WHAT IS BEING ASKED: Write the listing out again word for word. Pictures do not belong in the copy.

:: DATA EXCERPT

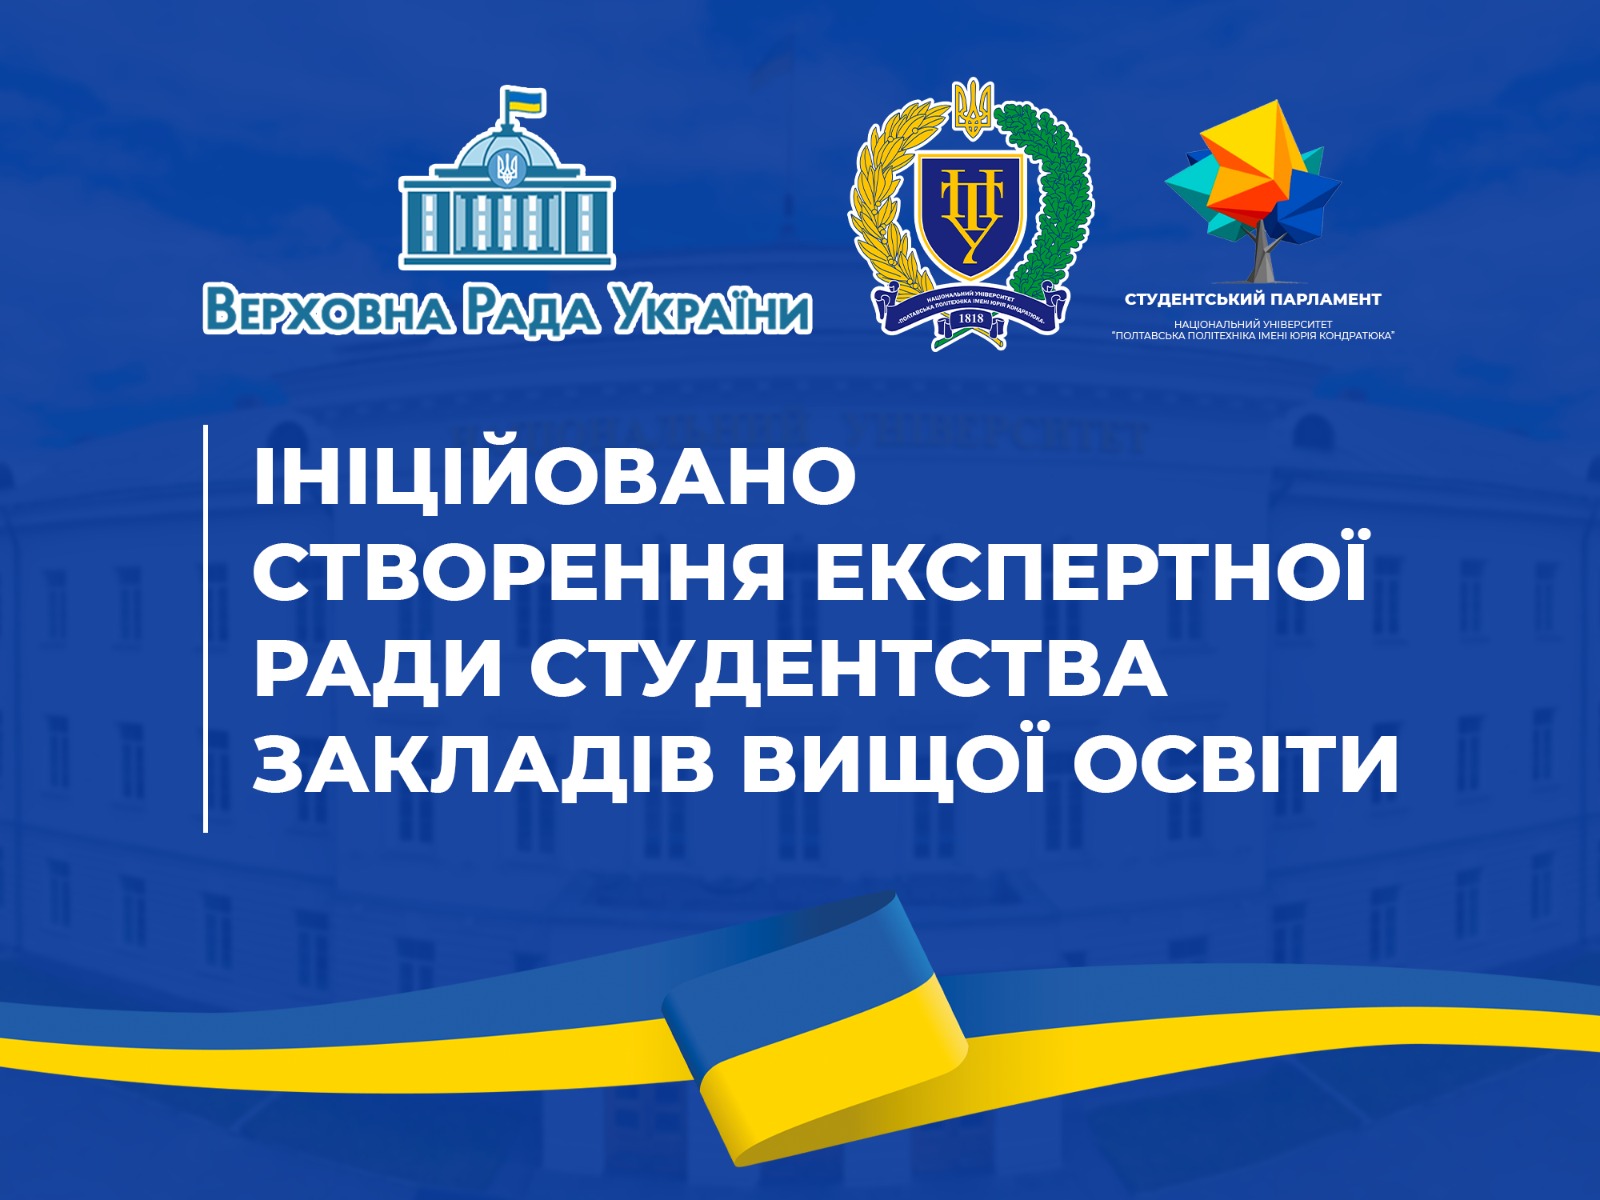 Poltava Polytechnic University supports the establishment of the Student Expert Council of Higher Education Institutions
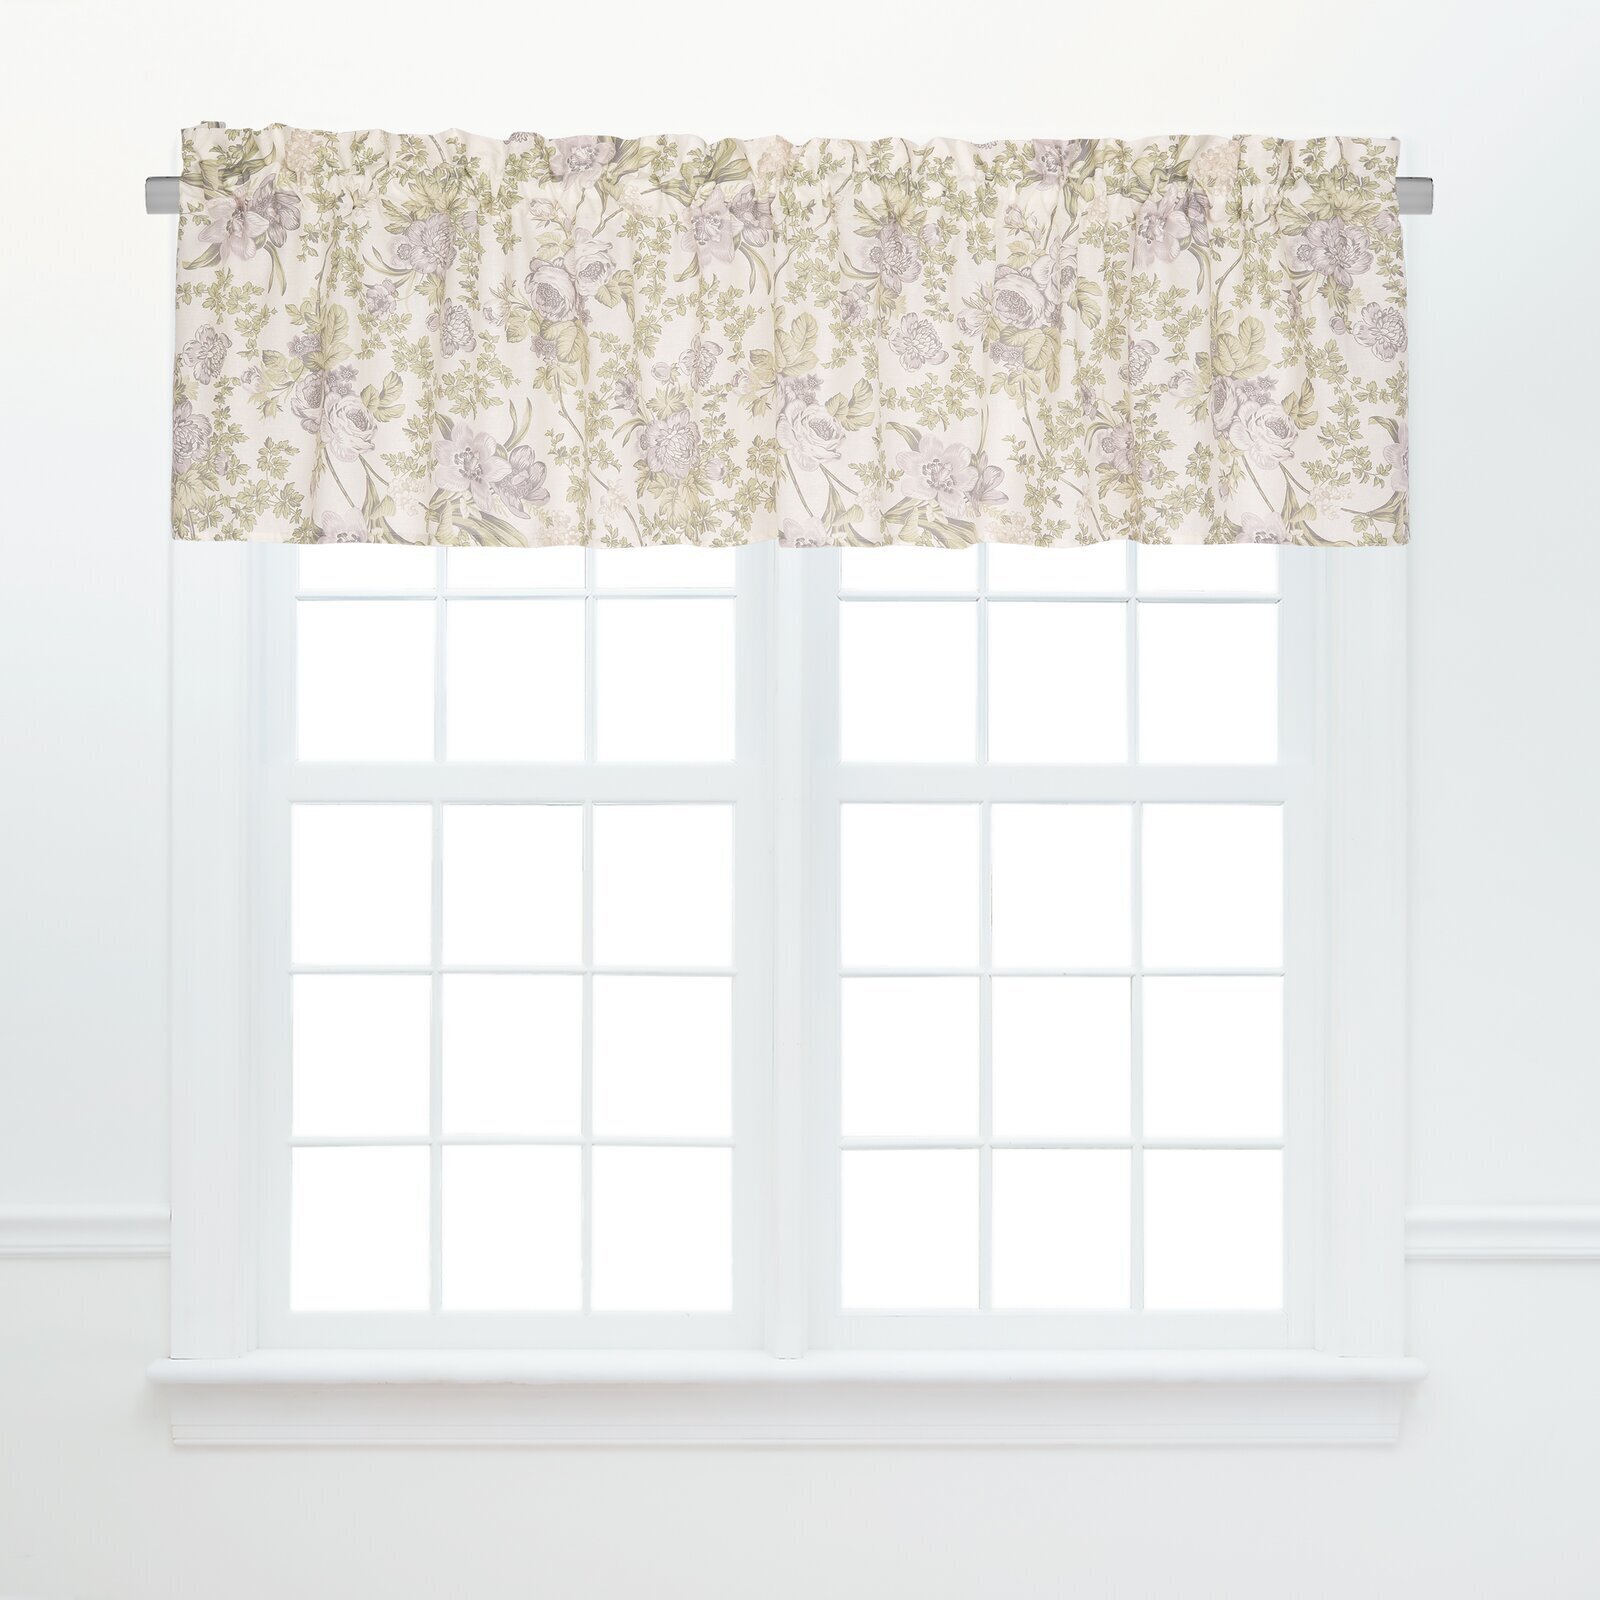 Ruffled Floral Valance For Large Picture Window 
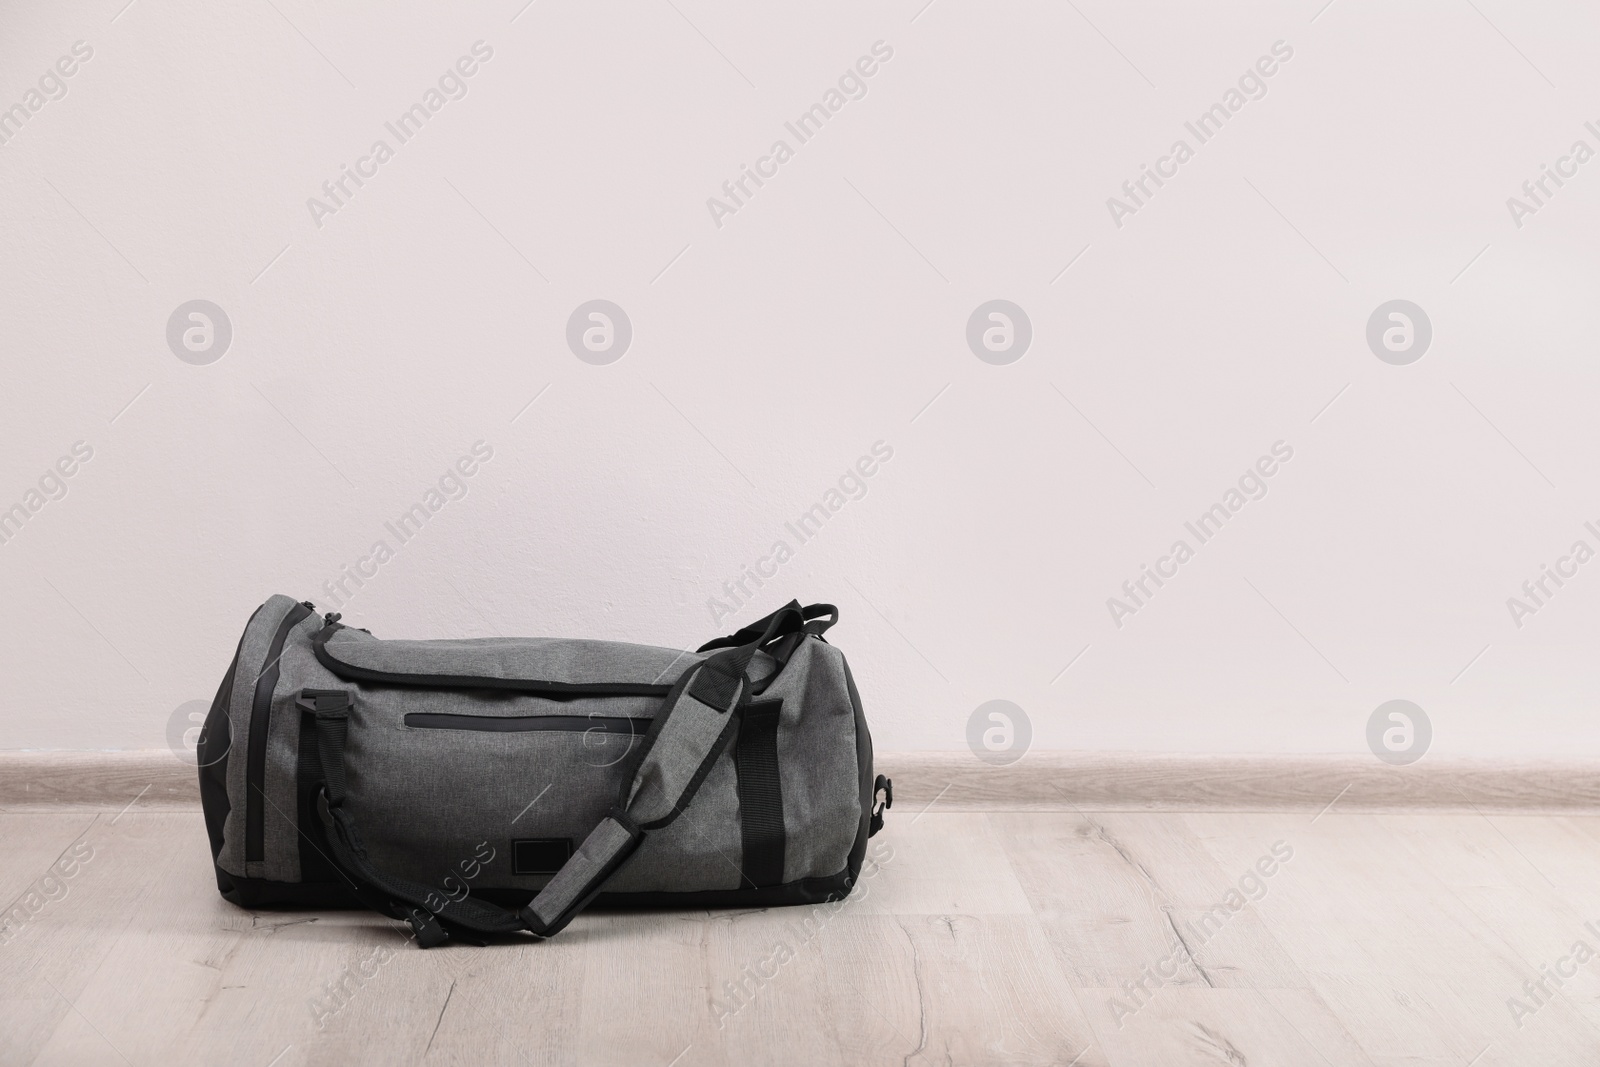 Photo of Grey sports bag on floor near white wall, space for text

::::

PROBLEM SOLUTION:
 Poltava Polytechnic University supports the establishment of the Student Expert Council of Higher Education Institutions
 Ruffled Floral Valance For Large Picture Window 
 Photo of Grey sports bag on floor near white wall, space for text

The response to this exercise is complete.